Cluster 3 is the cluster of locations that did not have venues and that we added previously.

#### Cluster 4

In [39]:
toronto_merged.loc[toronto_merged['Cluster labels'] == 3, toronto_merged.columns[[1] + list(range(5, toronto_merged.shape[1]))]]

Unnamed: 0,Borough,Cluster labels,1st Most Common Venue,2nd Most Common Venue,3rd Most Common Venue,4th Most Common Venue,5th Most Common Venue,6th Most Common Venue,7th Most Common Venue,8th Most Common Venue,9th Most Common Venue,10th Most Common Venue
53,North York,3,Baseball Field,Business Service,Food Truck,Yoga Studio,Doner Restaurant,Donut Shop,Drugstore,Dumpling Restaurant,Eastern European Restaurant,Electronics Store
57,North York,3,Baseball Field,Yoga Studio,Doner Restaurant,Donut Shop,Drugstore,Dumpling Restaurant,Eastern European Restaurant,Electronics Store,Escape Room,Distribution Center
101,Etobicoke,3,Baseball Field,Business Service,Yoga Studio,Doner Restaurant,Donut Shop,Drugstore,Dumpling Restaurant,Eastern European Restaurant,Electronics Store,Distribution Center


Cluster 4 seems to be centered around baseball fields.

#### Cluster 5

In [40]:
toronto_merged.loc[toronto_merged['Cluster labels'] == 4, toronto_merged.columns[[1] + list(range(5, toronto_merged.shape[1]))]]
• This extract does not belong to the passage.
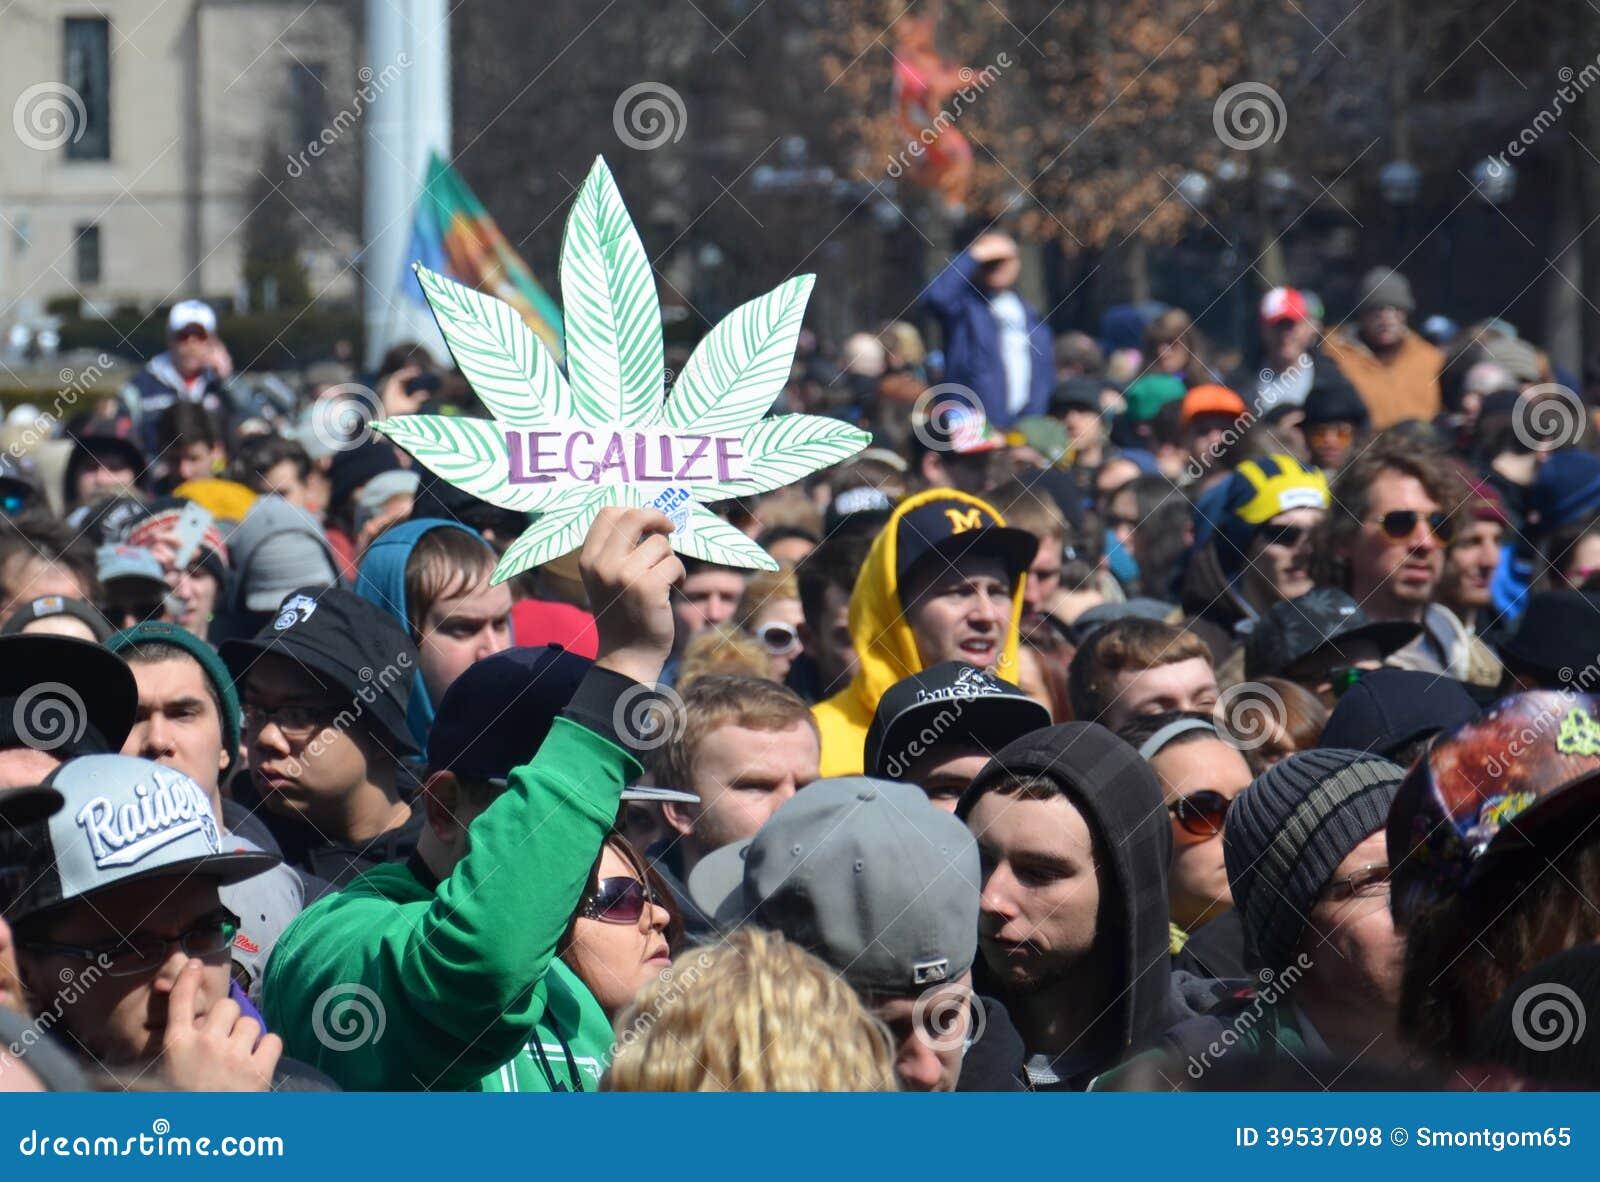 Legalize sign at Ann Arbor Hash Bash 2014
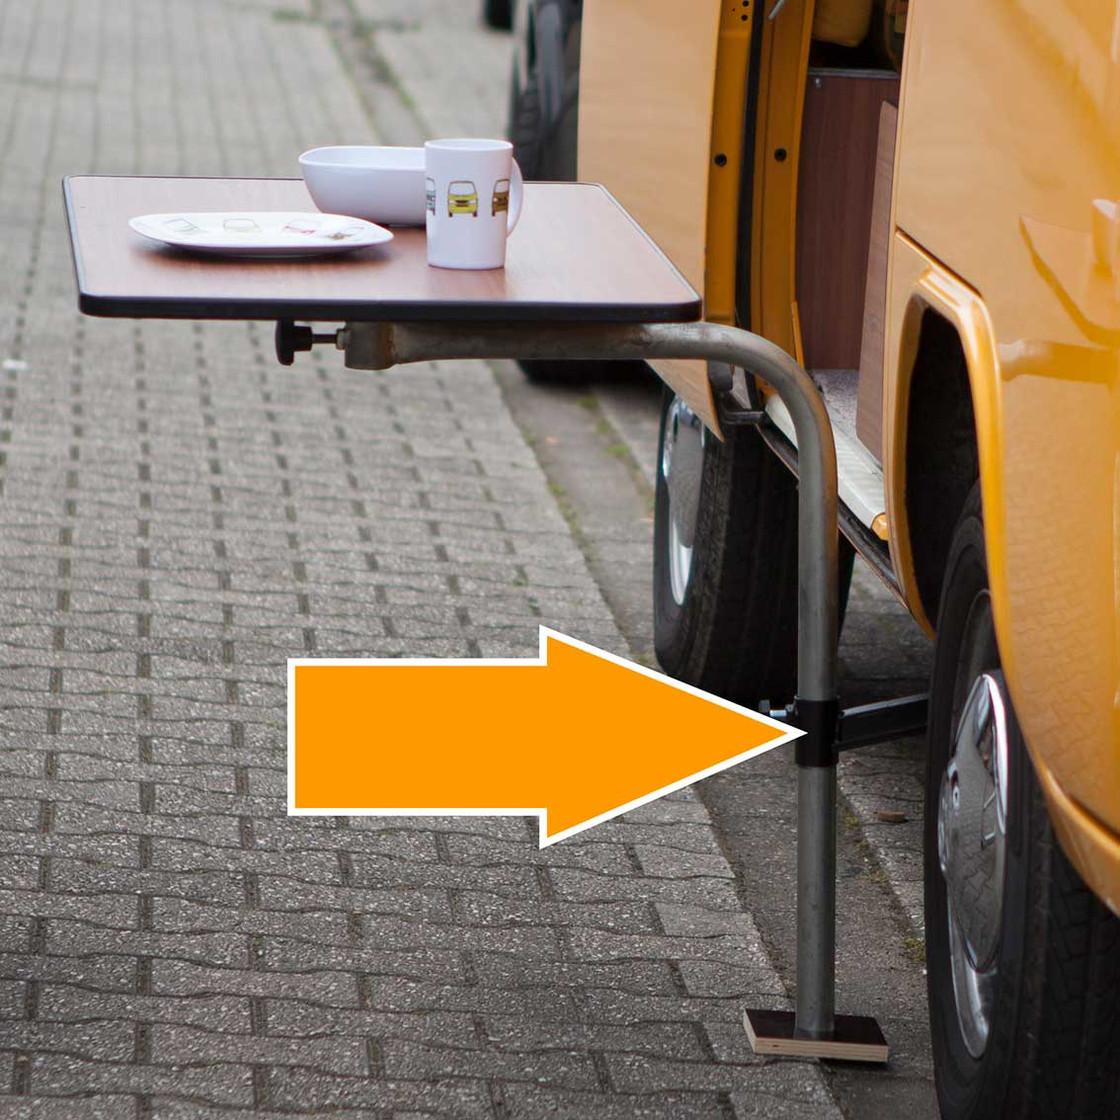 Type2 Bay Window Westfalia Table Bracket For Jacking Point Outdoor E 47 70

Unnamed: 0,Borough,Cluster labels,1st Most Common Venue,2nd Most Common Venue,3rd Most Common Venue,4th Most Common Venue,5th Most Common Venue,6th Most Common Venue,7th Most Common Venue,8th Most Common Venue,9th Most Common Venue,10th Most Common Venue
32,Scarborough,4,Playground,Jewelry Store,Yoga Studio,Dumpling Restaurant,Distribution Center,Dog Run,Doner Restaurant,Donut Shop,Drugstore,Eastern European Restaurant


Cluster 5 is where playgrounds are the most common venues.

---
This concludes the requirements of Week 3's assignment for the Capstone Project Course.